WHAT TO PRODUCE
In your copy, leave out the pictures; write out all the data exactly.

DATA PROVIDED

········

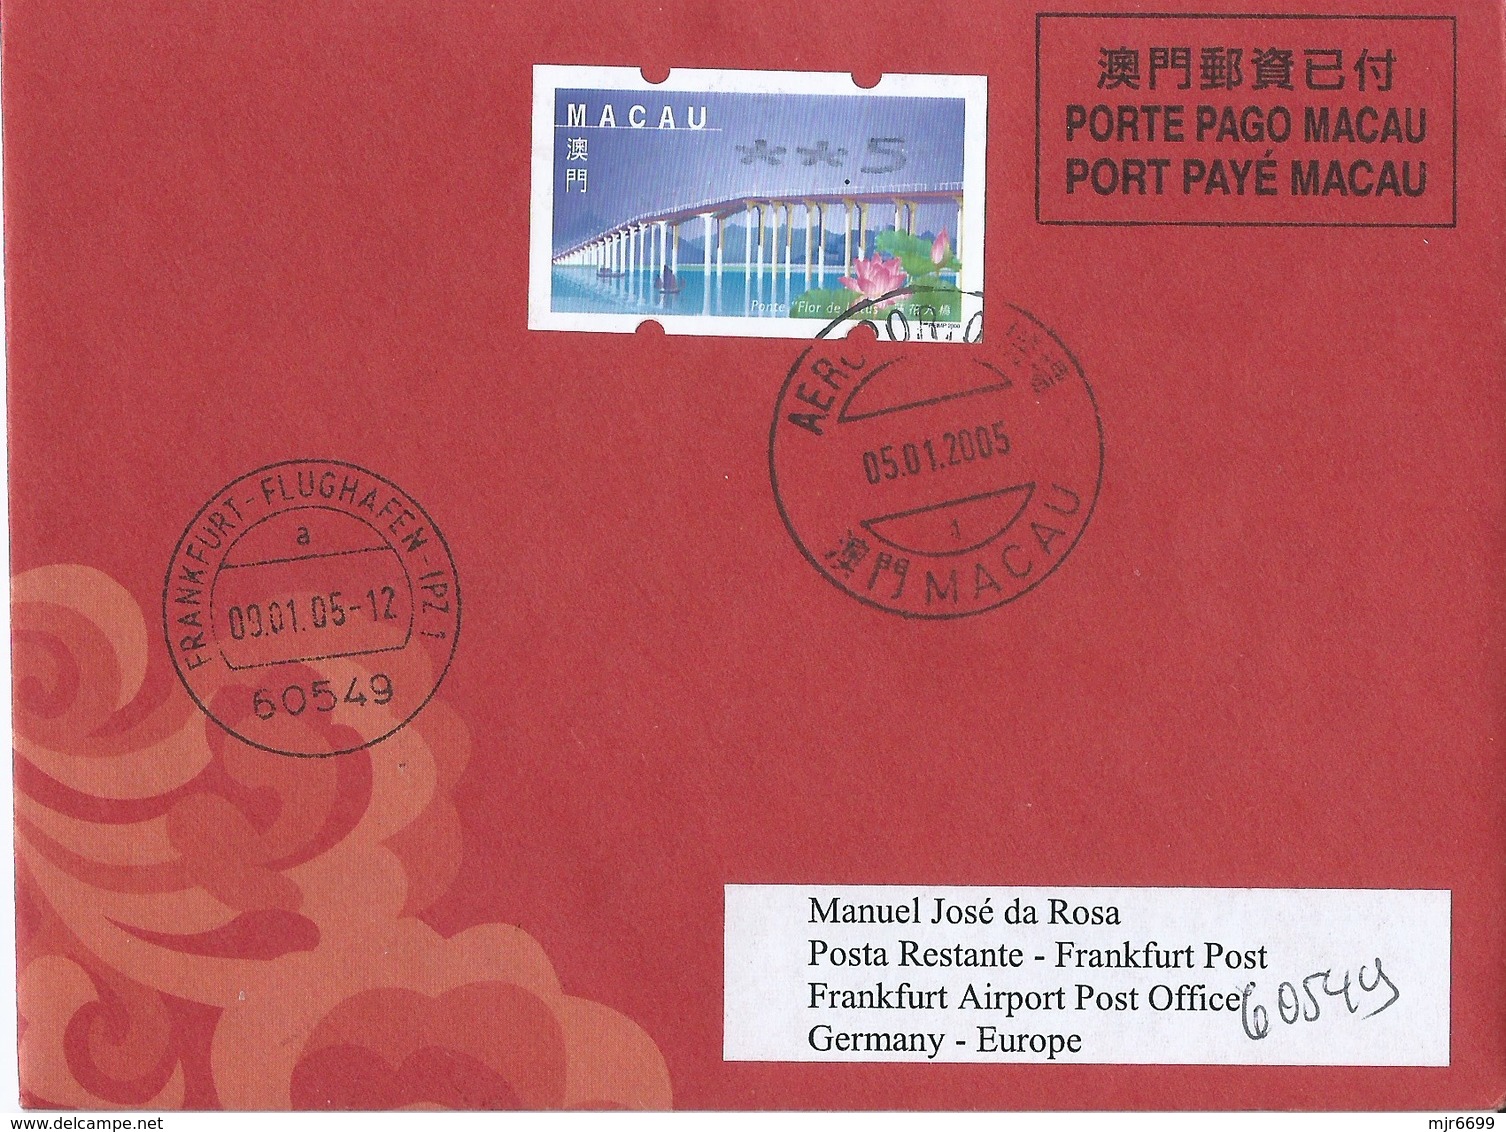 MACAU 2005 LUNAR NEW YEAR OF THE COCK GREETING CARD & POSTAGE PAID COVER 1ST DAY USAGE TO GERMANY - Interi Postali
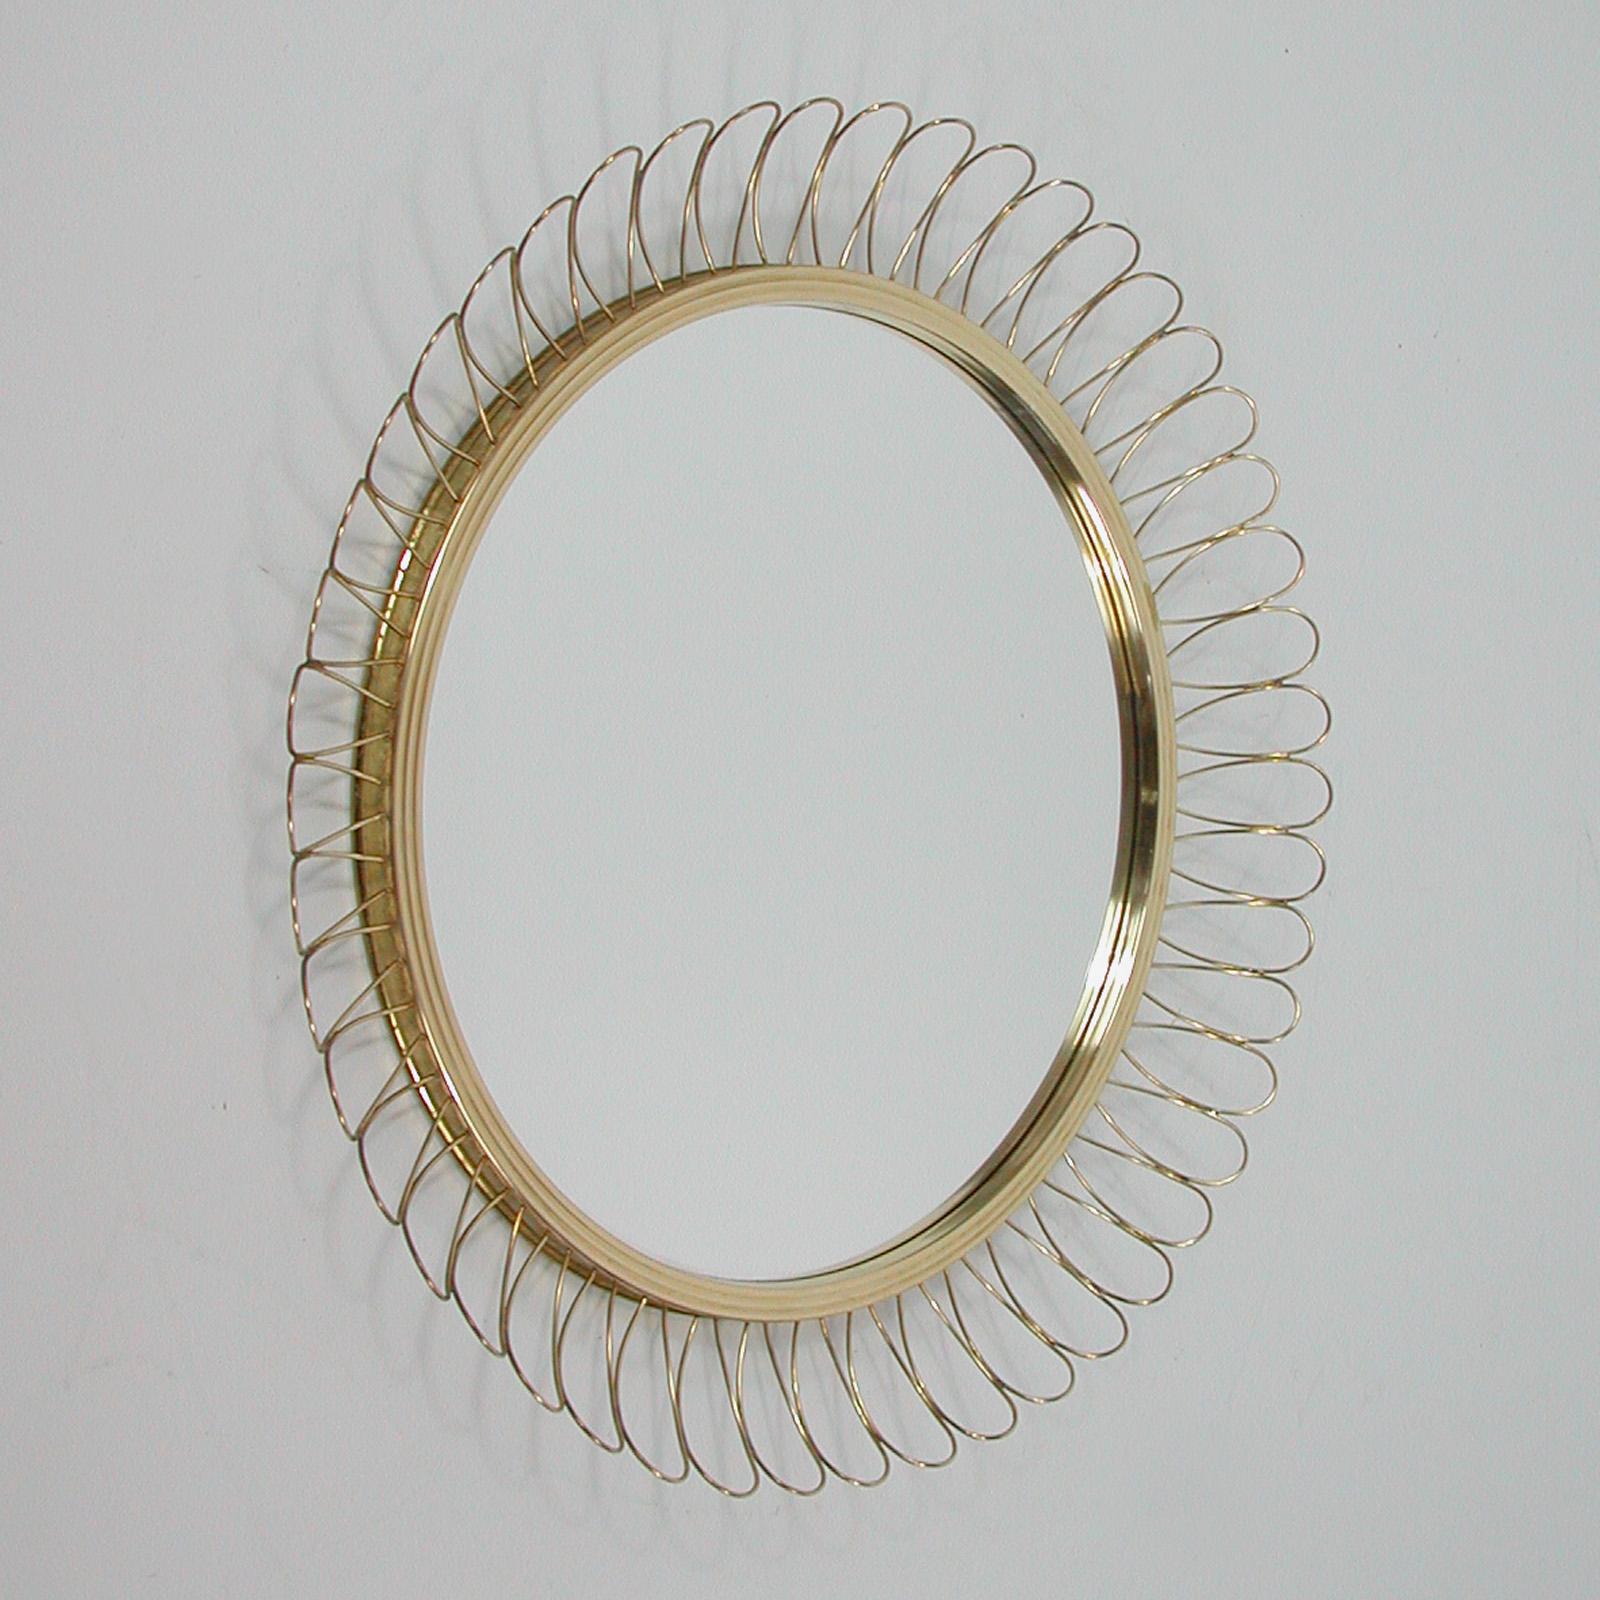 This beautiful brass loop wall mirror was designed and manufactured in Sweden in the 1950s. The brass frame with nice warm vintage patina. The mirror flawless. 

Measures: Diameter app.: 15.8

········

RESPONSE TO THIS EXERCISE
 MACAU 2005 LUNAR NEW YEAR OF THE COCK GREETING CARD & POSTAGE PAID COVER 1ST DAY USAGE TO GERMANY - Interi Postali
 This beautiful brass loop wall mirror was designed and manufactured in Sweden in the 1950s. The brass frame with nice warm vintage patina. The mirror flawless. 

Measures: Diameter app.: 15.8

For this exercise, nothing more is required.